第207章
夜飛玉說:“家裡大喪,此番前來是為祖父和父親燒香,母親和祖母是未亡人,所以都留在府裡了。”
江夫人點點頭,“到是有這個規矩,我許久都沒見你母親了,年前一定得抽空見個面。”
夜飛玉再道:“飛玉一定把嬸嬸的話帶到。”
江夫人說著說著就嘆了氣,“你們父親的事,我和你江叔叔一直都覺得十分遺憾,你江叔叔總是說太可惜了,那樣年輕的人怎麼就突然生了重病呢?不應該啊!”
夜溫言也跟著嘆道:“應不該的,就看誰說得算了。
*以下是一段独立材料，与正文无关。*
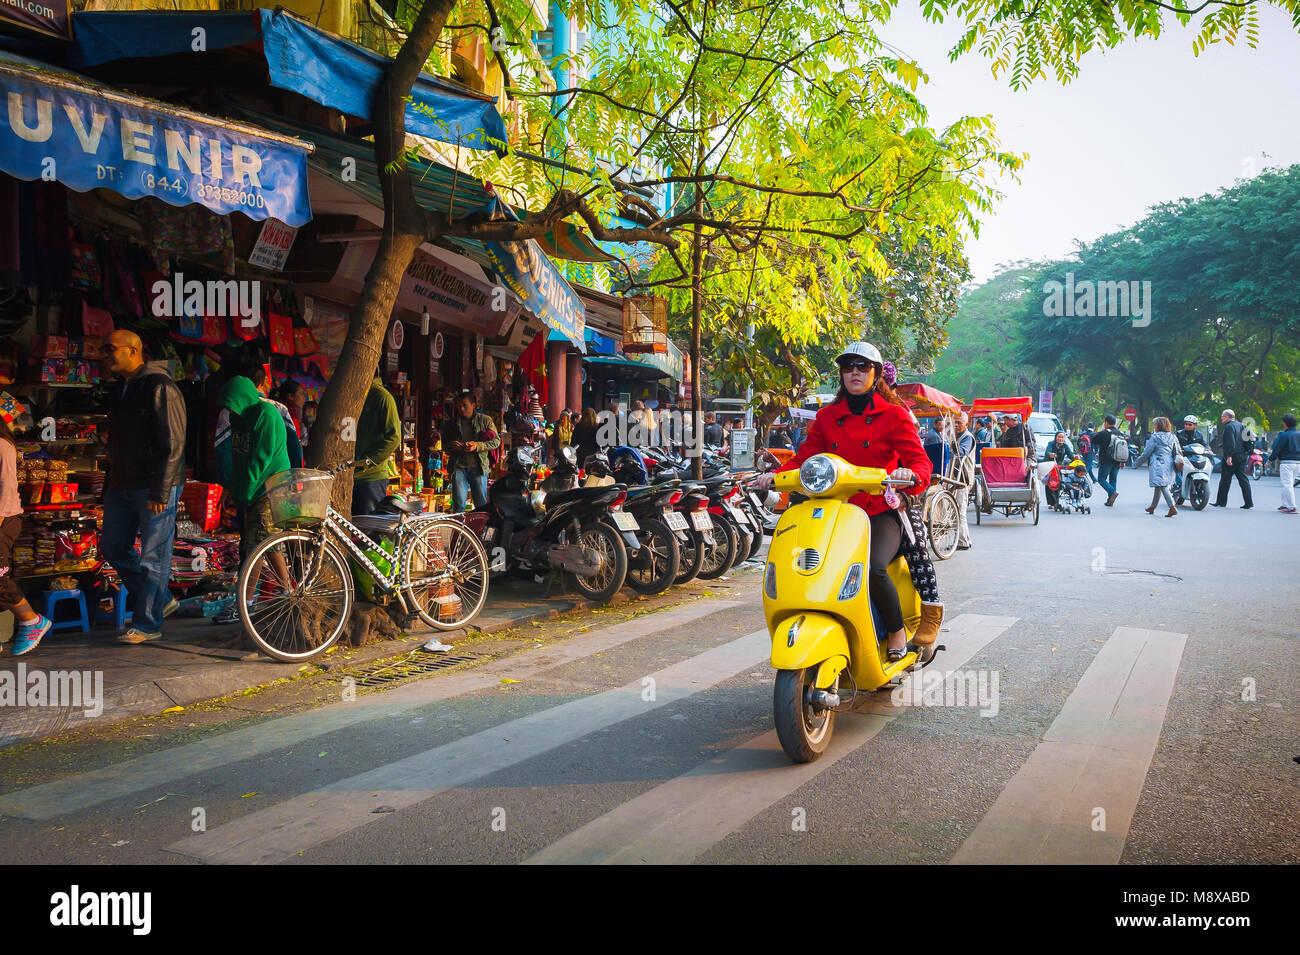 Vietnam scooter, view of a young Vietnamese woman riding a yellow scooter into the Old Quarter in the center of Hanoi, Vietnam. Stock Photo

”
這話被夜景盛聽了去,當場就急了眼:“夜溫言!你這話是什麼意思?”
不等夜溫言說話,站在旁邊一直沒吱聲的江尚書江逢終於開了口,直接質問夜景盛:“夜二將軍這又是什麼意思?這可都是你大哥留下來的子女,你平日裡就是這樣子同她們說話的?當叔叔的,跟小輩連聲侄女都不叫?”
夜景盛不服氣,“江大人憑什麼管我們家的事?”
“哼!”江逢甩袖,“你們家的事本尚書懶得管,但這幾個孩子是我看著長大的,父親不在了,他們叫我一聲江叔叔,那我就不能不幫襯著些。夜二將軍若是覺得本尚書多事,那本尚書不管也行,正好騰出工夫好好琢磨琢磨景歸兄為何英年早逝!”
夜景盛還要說話,蕭氏一把將他給按住了,然後笑著道:“江大人別見怪,我家老爺近日受了傷,已經有些日子沒上朝去了,許是在家裡憋得心緒煩躁,這才說話衝了些,有冒犯之處我替他給您賠罪。”
夜景盛看不慣蕭氏這樣,當時就道:“我用得著給他賠罪?我是將軍,他不過一個文官。”
“喲,還記得自己是個將軍。”江逢冷笑,“請問將軍您去過幾回軍營啊?能不能打得過你的副將啊?你手底下又統領著多少兵馬呢?哼!別跟本尚書在這兒充大個兒,本尚書不吃你這套!”江逢狠狠甩了一下袖子,看著夜溫言說,“言丫頭有空到江叔叔府上吃飯去。”再拽了一把江夫人,“走了!”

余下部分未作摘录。